The ICC’s prosecutor Luis Moreno-Ocampo filed 10 charges: three counts of genocide, five of crimes against humanity and two of murder. Judges are expected to take months to study the evidence before deciding whether to order Al-Bashir’s arrest.
Sudan and a number of regional organizations including the African Union (AU), Arab League, Non-Aligned Movement (NAM) and Organization of Islamic Conference (OIC) condemned Ocampo’s request and called on the UN Security Council (UNSC) resolution under Article 16 of the ICC Statute deferring Al-Bashir’s indictment.
Last week the Guardian newspaper said that France and United Kingdom are quietly backing efforts to stall Al-Bashir indictment.
This week the French Ambassador to the UN Jean-Maurice Ripert listed a set of conditions after which his government may support invoking Article 16.

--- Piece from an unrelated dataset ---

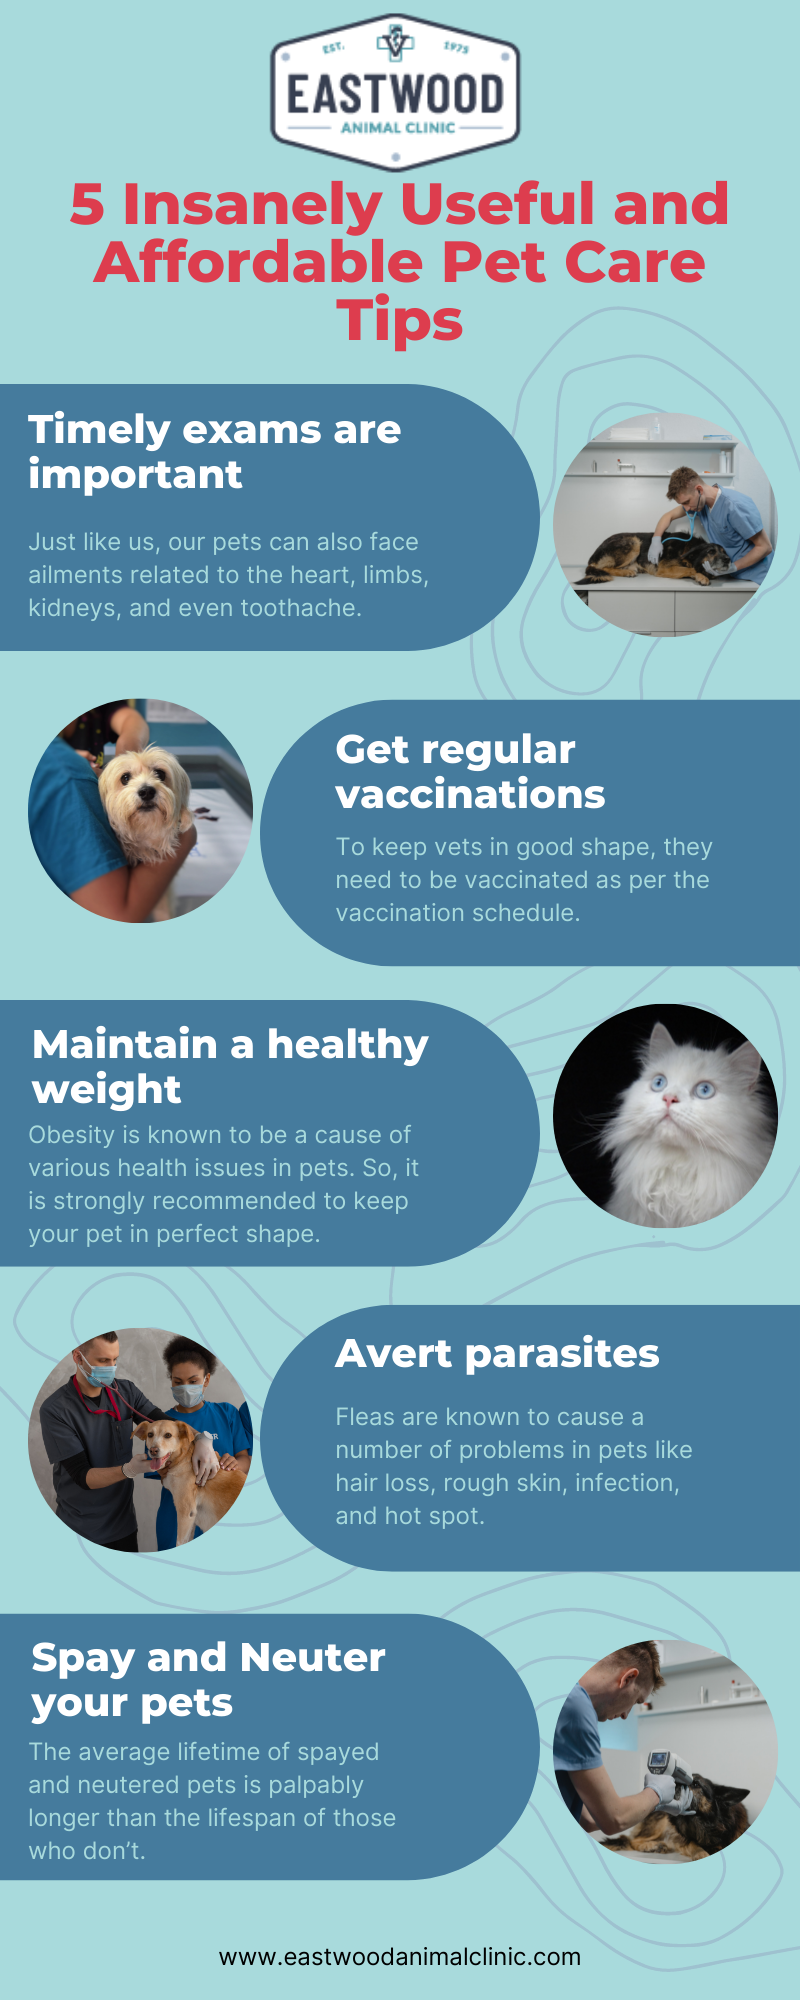 5 Insanely Useful and Affordable Pet Care Tips

“We had extensive meetings with representatives of the African Union (AU) and I think we are passing the same kind of messages [to Sudan] which stop the killings, stop the military action in Darfur…Do what you can do to alleviate the human suffering and improve the humanitarian access to Darfur…increase and improve the capacity of the authorities to participate in a political dialogue with all political forces….improve your relationship with Chad” Ripert said
The French-Libyan born counsel Dr. Hadi Shalluf called Paris’s position as a “blatant interference in the judicial process”.

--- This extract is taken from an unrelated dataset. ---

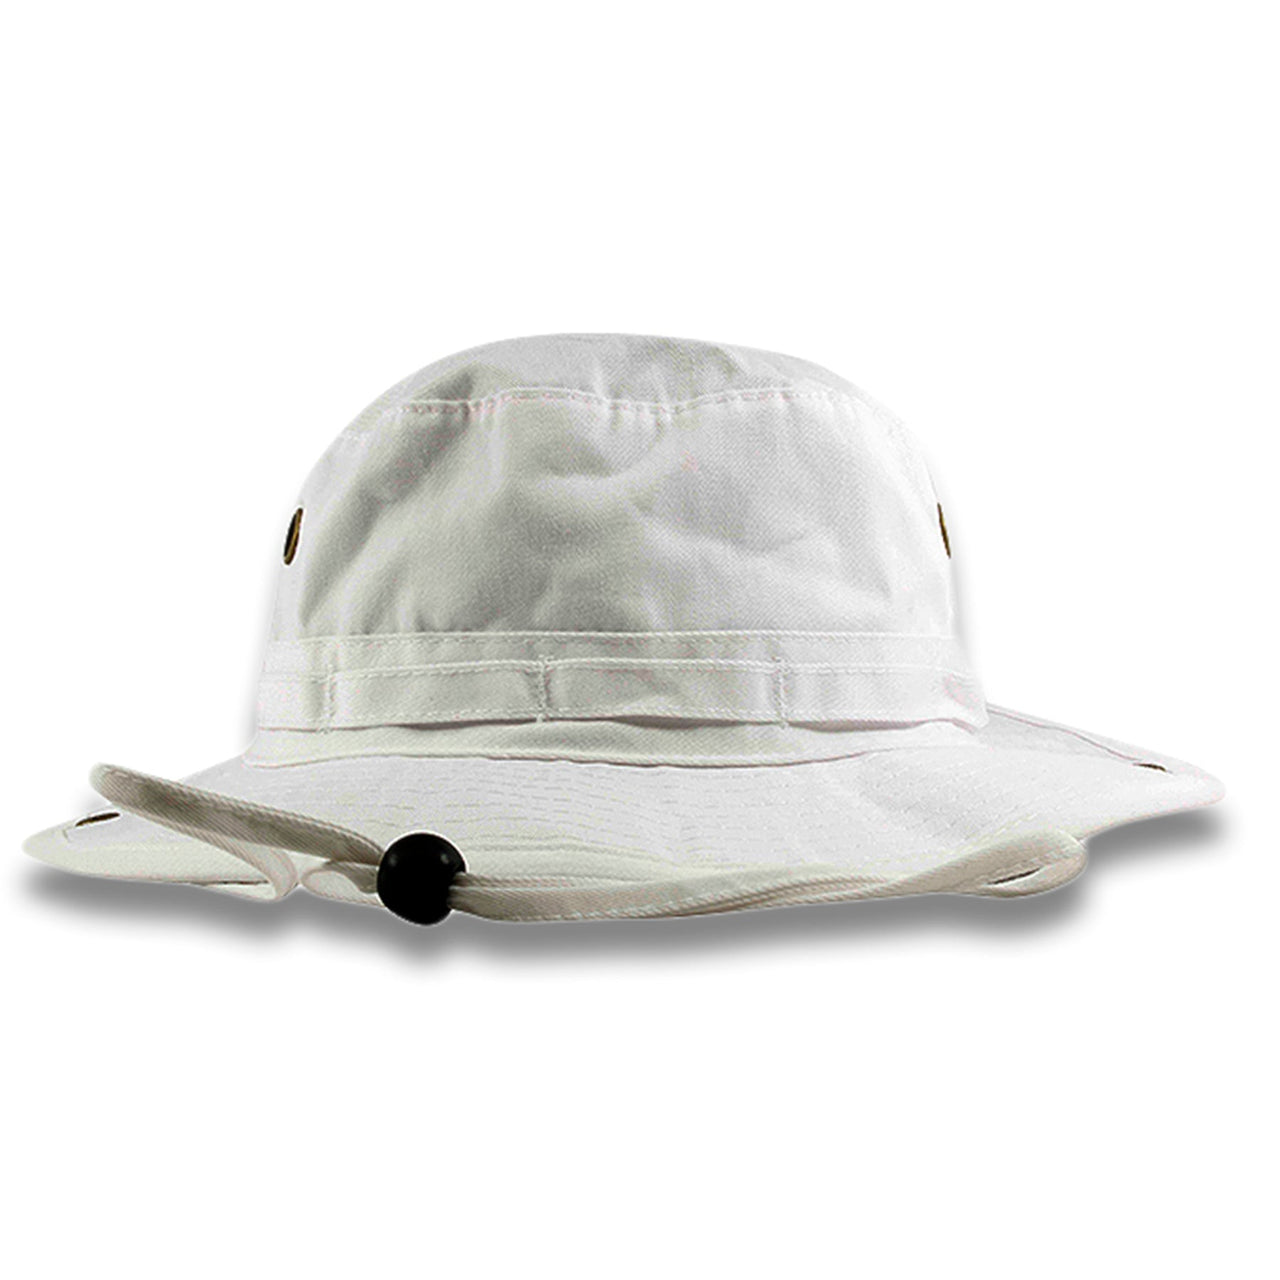 The white boonie bucket hat is solid white with a white adjustable draw string

“This is a serious violation of the European Union (EU) laws for a government to try and influence a court of law” Shalluf said.
The ICC registered lawyer reiterated his position that The Hague based court is not obligated to comply with a UNSC resolution invoking Article 16.
“If the ICC freezes its work on Darfur this would amount to judicial corruption on their part. Its unacceptable to any man of law” he added.
Abdel-Rahman Al-Rashid, a leading Saudi columnist wrote an Op-Ed titled ‘Sarkozy and selling out the Sudanese’ in the London based daily Al-Sharq Al-Awsat describing France’s position as “outrageous and strange”.
Al-Rashid who is close to Saudi government circles said that France is unable to help Sudan in its current row with the ICC.
“Al-Bashir needs to get the affirmative votes of all five permanent members to freeze the indictment not just France…This is a very difficult task” he said.
Al-Rashid further said that judicial charges against Al-Bashir will help deter other “butcher leaders in the third world”.
“Since Ocampo announced the charges, Al-Bashir has been travelling all over the country promising his people to improve their living conditions, lifting injustice and having opposition parties take part in the government” he said.
The Agence France Press (AFP) reported that five non-governmental organizations including Amnesty International wrote to French President Nicolas Sarkozy on Thursday saying they feared Paris was planning a compromise that would allow Khartoum to try them in Sudan.
The NGOs warned the French president, who made tackling the Darfur conflict an election pledge, that any compromise on the war crimes probe would “deal a major blow to the credibility and dissuasive power of the international criminal justice system.”
“Khartoum certainly has the means of applying pressure, with thousands of UN soldiers deployed on its soil, but we must not give to the Sudanese government’s blackmail” warned Clement Boursin of Acat-France, a group that campaign against torture.
In 2005 France pushed the resolution referring the situation in Darfur to the ICC putting it at odds initially with the US which threatened to veto it if Paris insisted on introducing it.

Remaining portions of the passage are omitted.